Deus sabe que, no final, terei que apresentar-lhe um saldo. O problema é que nunca me foi mostrado o manual, o guia para preenchimento. Nem uma oficina fizeram. Se bem que estes guias, manuais e oficinas são 99% confusos e 1% propositalmente vagos (ou seria o contrário? Ou não seriam a mesma coisa?).
Deus começou a tocar uma melodia familiar. Acho que era a abertura de Dresden de Tannhäuser. Deus sabe que a abertura de Dresden, ao contrário da chatíssima abertura de Paris, na qual Wagner foi obrigado a colocar um balé (porque franceses eram fregueses e tinham esta mania por balé), tem um final. É como ele espera que a vida de cada um termine. Com um grandioso final.

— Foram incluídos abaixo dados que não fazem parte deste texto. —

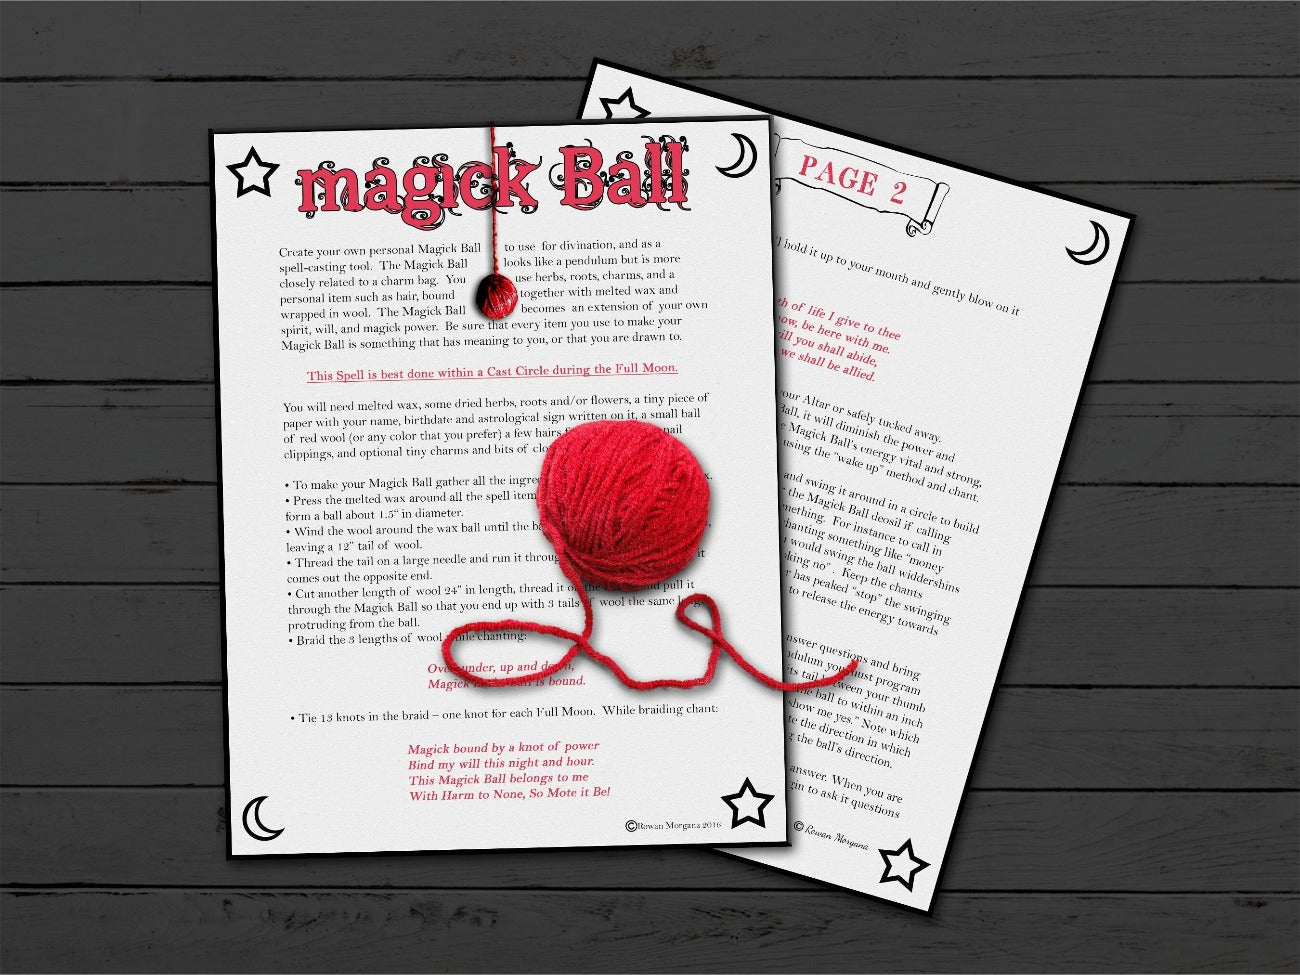 MAGICK BALL DIVINATION Complete Instructions to make a Jack Ball Pendulum, Melted Wax Divination, Old Witchcraft, Rootwork Conjur - Morgana Magick Spell

Depois, claro, as cortinas descem, e Deus (ou o toca-discos que era Deus em meu sonho) vem com as cobranças, papéis e formulários. E terei que fazer isso de primeira. No sonho, Deus disse que eu poderia pegar uns formulários para treino. Ficavam em um balcão, como naqueles da imigração, em aeroportos.

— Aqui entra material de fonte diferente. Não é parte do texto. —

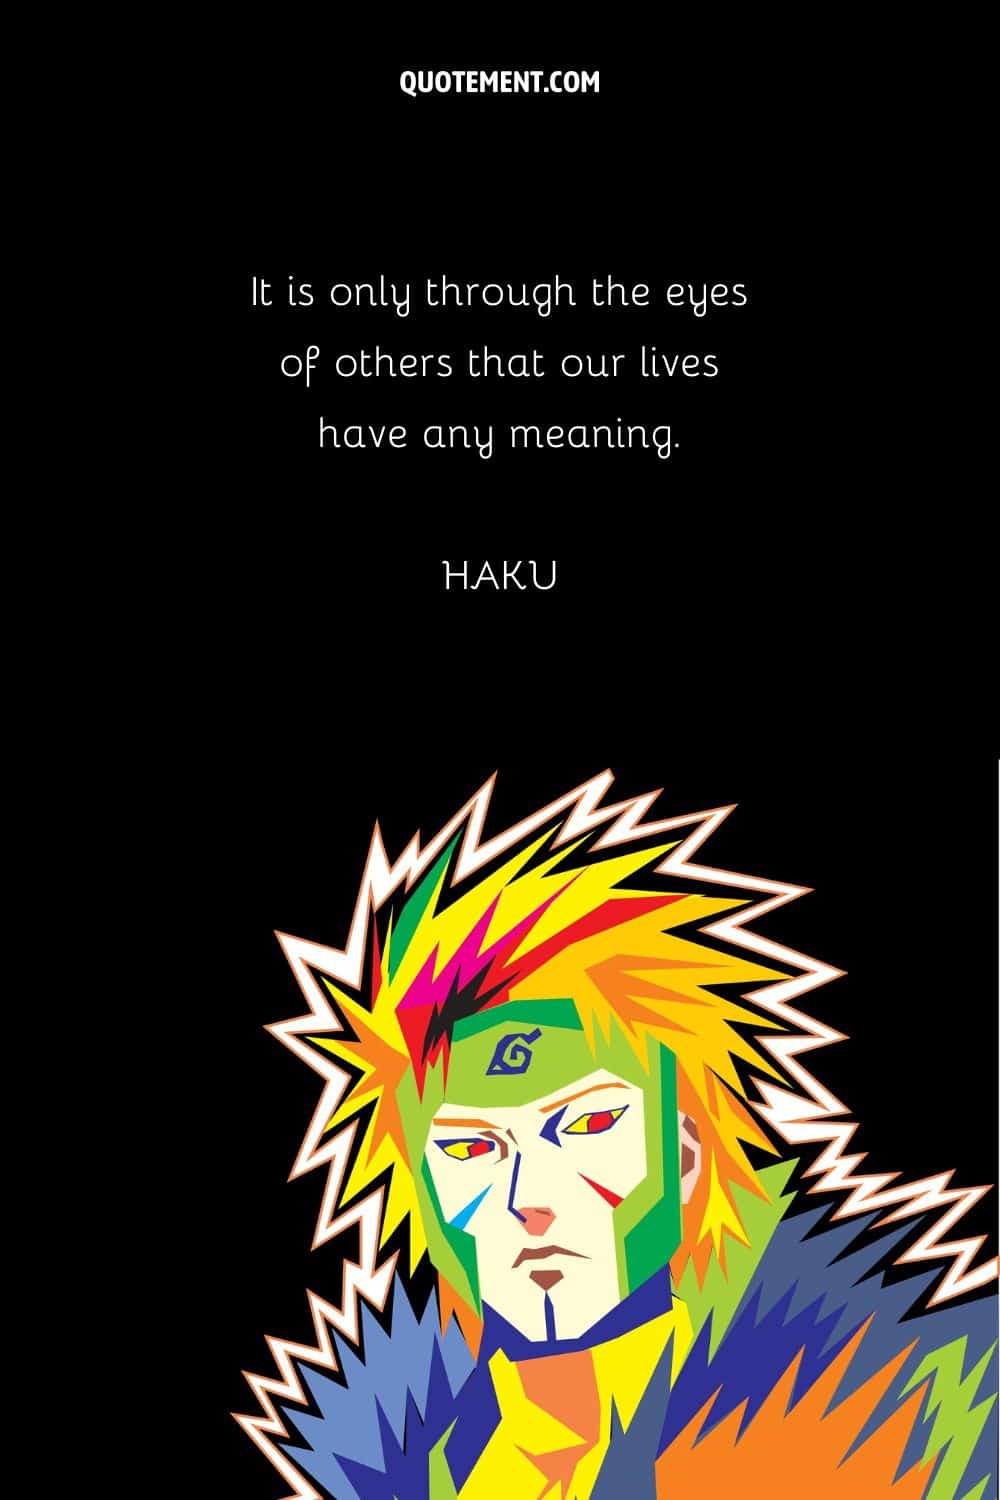 “It is only through the eyes of others that our lives have any meaning.” — Haku

Peguei alguns. Tinham perguntas como aquelas da imigração do governo dos EUA: já participou de um ato terrorista? Costuma sair para jantar com pan-totalitários comunistas e fascistas (ou com um deles)? Coloca azeitona em empada? Torceu para a Argentina na Copa? Etc.
Na coluna ao lado, escrevia-se um ‘S’ ou um ‘N’ e, claro, tive o cuidado de perguntar a Deus - que à esta altura, tocava um trecho triste de Tristan und Isolde - sobre a língua do formulário. Para meu alívio, era tudo em português mesmo (até porque, eu li as perguntas, né? Mas sabe como é…sonhos…).
Depois de preencher, havia uma tabela com uns fatores numéricos confusos. Pareciam ter sido criados pela Receita para que você não os entendesse, evitando o eventual ressarcimento de algum valor. Como na Terra, ao que parece, a Receita Divina só quer arrecadar.
Quando ia fazer a soma, notei que havia uma fórmula complicada. Antes que eu pudesse desvendá-la, acordei, suando. Olhei para o toca-discos que estava ao lado da minha cama, empilhado com outros objetos da mudança. Ele não parecia tão onipotente ou onipresente. Sequer imponente era.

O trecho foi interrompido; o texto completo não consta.